ASSIGNMENT
Please transcribe the data exactly, with nothing left out.

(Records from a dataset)
============================================================

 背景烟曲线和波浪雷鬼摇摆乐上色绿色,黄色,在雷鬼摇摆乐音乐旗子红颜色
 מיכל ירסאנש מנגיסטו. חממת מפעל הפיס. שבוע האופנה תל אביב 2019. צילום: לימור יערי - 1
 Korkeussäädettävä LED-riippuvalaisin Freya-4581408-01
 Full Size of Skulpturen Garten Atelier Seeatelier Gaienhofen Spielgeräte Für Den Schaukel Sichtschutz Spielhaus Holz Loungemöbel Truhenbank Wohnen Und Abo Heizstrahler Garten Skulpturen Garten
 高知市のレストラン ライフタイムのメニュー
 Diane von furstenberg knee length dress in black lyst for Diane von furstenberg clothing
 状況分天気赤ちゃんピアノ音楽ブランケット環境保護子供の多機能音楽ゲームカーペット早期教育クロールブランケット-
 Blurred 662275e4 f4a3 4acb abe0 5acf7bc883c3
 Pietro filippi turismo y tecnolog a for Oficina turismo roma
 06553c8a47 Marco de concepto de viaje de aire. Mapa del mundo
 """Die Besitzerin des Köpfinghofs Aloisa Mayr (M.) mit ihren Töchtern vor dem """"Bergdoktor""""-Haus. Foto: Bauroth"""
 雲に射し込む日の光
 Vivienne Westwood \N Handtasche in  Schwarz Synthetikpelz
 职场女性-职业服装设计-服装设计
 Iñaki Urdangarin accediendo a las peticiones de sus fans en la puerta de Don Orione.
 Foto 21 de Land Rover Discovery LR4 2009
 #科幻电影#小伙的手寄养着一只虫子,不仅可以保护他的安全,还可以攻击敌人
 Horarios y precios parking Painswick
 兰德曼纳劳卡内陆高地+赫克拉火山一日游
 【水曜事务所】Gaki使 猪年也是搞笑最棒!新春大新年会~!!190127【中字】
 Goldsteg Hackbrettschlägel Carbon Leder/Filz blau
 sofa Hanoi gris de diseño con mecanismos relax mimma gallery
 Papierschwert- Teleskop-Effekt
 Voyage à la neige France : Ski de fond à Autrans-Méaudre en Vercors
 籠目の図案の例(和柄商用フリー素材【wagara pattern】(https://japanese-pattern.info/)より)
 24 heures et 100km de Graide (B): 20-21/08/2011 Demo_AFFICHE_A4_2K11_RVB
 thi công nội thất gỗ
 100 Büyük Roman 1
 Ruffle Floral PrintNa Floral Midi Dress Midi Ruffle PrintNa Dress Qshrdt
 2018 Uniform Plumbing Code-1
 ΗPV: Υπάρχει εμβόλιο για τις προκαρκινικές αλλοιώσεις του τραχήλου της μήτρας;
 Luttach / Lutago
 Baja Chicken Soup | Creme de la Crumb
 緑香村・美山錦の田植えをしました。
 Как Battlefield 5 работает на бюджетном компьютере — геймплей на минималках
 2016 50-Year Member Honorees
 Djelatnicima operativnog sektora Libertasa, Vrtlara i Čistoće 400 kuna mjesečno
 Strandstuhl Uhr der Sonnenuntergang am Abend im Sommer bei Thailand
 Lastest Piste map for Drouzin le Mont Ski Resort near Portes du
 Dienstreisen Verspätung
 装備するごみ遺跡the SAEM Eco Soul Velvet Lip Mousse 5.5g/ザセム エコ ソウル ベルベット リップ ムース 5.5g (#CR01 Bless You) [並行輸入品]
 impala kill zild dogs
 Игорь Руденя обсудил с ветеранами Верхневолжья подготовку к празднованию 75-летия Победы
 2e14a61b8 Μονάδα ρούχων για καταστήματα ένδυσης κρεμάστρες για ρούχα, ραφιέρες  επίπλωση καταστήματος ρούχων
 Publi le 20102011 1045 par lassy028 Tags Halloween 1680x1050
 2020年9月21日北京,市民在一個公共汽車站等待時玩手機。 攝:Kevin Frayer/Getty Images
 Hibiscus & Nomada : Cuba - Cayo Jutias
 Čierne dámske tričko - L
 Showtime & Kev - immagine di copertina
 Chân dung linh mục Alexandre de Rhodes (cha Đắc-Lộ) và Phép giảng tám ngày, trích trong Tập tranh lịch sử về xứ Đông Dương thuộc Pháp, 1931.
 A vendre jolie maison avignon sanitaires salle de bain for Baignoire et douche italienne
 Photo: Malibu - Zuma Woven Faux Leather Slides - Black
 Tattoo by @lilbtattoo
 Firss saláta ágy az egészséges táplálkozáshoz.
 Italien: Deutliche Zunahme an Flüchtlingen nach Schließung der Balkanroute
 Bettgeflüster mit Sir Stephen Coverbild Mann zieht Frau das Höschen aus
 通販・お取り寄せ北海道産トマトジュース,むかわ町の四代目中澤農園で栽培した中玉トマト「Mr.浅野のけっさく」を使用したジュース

============================================================

YOUR RESPONSE
 背景烟曲线和波浪雷鬼摇摆乐上色绿色,黄色,在雷鬼摇摆乐音乐旗子红颜色
 מיכל ירסאנש מנגיסטו. חממת מפעל הפיס. שבוע האופנה תל אביב 2019. צילום: לימור יערי - 1
 Korkeussäädettävä LED-riippuvalaisin Freya-4581408-01
 Full Size of Skulpturen Garten Atelier Seeatelier Gaienhofen Spielgeräte Für Den Schaukel Sichtschutz Spielhaus Holz Loungemöbel Truhenbank Wohnen Und Abo Heizstrahler Garten Skulpturen Garten
 高知市のレストラン ライフタイムのメニュー
 Diane von furstenberg knee length dress in black lyst for Diane von furstenberg clothing
 状況分天気赤ちゃんピアノ音楽ブランケット環境保護子供の多機能音楽ゲームカーペット早期教育クロールブランケット-
 Blurred 662275e4 f4a3 4acb abe0 5acf7bc883c3
 Pietro filippi turismo y tecnolog a for Oficina turismo roma
 06553c8a47 Marco de concepto de viaje de aire. Mapa del mundo
 """Die Besitzerin des Köpfinghofs Aloisa Mayr (M.) mit ihren Töchtern vor dem """"Bergdoktor""""-Haus. Foto: Bauroth"""
 雲に射し込む日の光
 Vivienne Westwood \N Handtasche in  Schwarz Synthetikpelz
 职场女性-职业服装设计-服装设计
 Iñaki Urdangarin accediendo a las peticiones de sus fans en la puerta de Don Orione.
 Foto 21 de Land Rover Discovery LR4 2009
 #科幻电影#小伙的手寄养着一只虫子,不仅可以保护他的安全,还可以攻击敌人
 Horarios y precios parking Painswick
 兰德曼纳劳卡内陆高地+赫克拉火山一日游
 【水曜事务所】Gaki使 猪年也是搞笑最棒!新春大新年会~!!190127【中字】
 Goldsteg Hackbrettschlägel Carbon Leder/Filz blau
 sofa Hanoi gris de diseño con mecanismos relax mimma gallery
 Papierschwert- Teleskop-Effekt
 Voyage à la neige France : Ski de fond à Autrans-Méaudre en Vercors
 籠目の図案の例(和柄商用フリー素材【wagara pattern】(https://japanese-pattern.info/)より)
 24 heures et 100km de Graide (B): 20-21/08/2011 Demo_AFFICHE_A4_2K11_RVB
 thi công nội thất gỗ
 100 Büyük Roman 1
 Ruffle Floral PrintNa Floral Midi Dress Midi Ruffle PrintNa Dress Qshrdt
 2018 Uniform Plumbing Code-1
 ΗPV: Υπάρχει εμβόλιο για τις προκαρκινικές αλλοιώσεις του τραχήλου της μήτρας;
 Luttach / Lutago
 Baja Chicken Soup | Creme de la Crumb
 緑香村・美山錦の田植えをしました。
 Как Battlefield 5 работает на бюджетном компьютере — геймплей на минималках
 2016 50-Year Member Honorees
 Djelatnicima operativnog sektora Libertasa, Vrtlara i Čistoće 400 kuna mjesečno
 Strandstuhl Uhr der Sonnenuntergang am Abend im Sommer bei Thailand
 Lastest Piste map for Drouzin le Mont Ski Resort near Portes du
 Dienstreisen Verspätung
 装備するごみ遺跡the SAEM Eco Soul Velvet Lip Mousse 5.5g/ザセム エコ ソウル ベルベット リップ ムース 5.5g (#CR01 Bless You) [並行輸入品]
 impala kill zild dogs
 Игорь Руденя обсудил с ветеранами Верхневолжья подготовку к празднованию 75-летия Победы
 2e14a61b8 Μονάδα ρούχων για καταστήματα ένδυσης κρεμάστρες για ρούχα, ραφιέρες  επίπλωση καταστήματος ρούχων
 Publi le 20102011 1045 par lassy028 Tags Halloween 1680x1050
 2020年9月21日北京,市民在一個公共汽車站等待時玩手機。 攝:Kevin Frayer/Getty Images
 Hibiscus & Nomada : Cuba - Cayo Jutias
 Čierne dámske tričko - L
 Showtime & Kev - immagine di copertina
 Chân dung linh mục Alexandre de Rhodes (cha Đắc-Lộ) và Phép giảng tám ngày, trích trong Tập tranh lịch sử về xứ Đông Dương thuộc Pháp, 1931.
 A vendre jolie maison avignon sanitaires salle de bain for Baignoire et douche italienne
 Photo: Malibu - Zuma Woven Faux Leather Slides - Black
 Tattoo by @lilbtattoo
 Firss saláta ágy az egészséges táplálkozáshoz.
 Italien: Deutliche Zunahme an Flüchtlingen nach Schließung der Balkanroute
 Bettgeflüster mit Sir Stephen Coverbild Mann zieht Frau das Höschen aus
 通販・お取り寄せ北海道産トマトジュース,むかわ町の四代目中澤農園で栽培した中玉トマト「Mr.浅野のけっさく」を使用したジュース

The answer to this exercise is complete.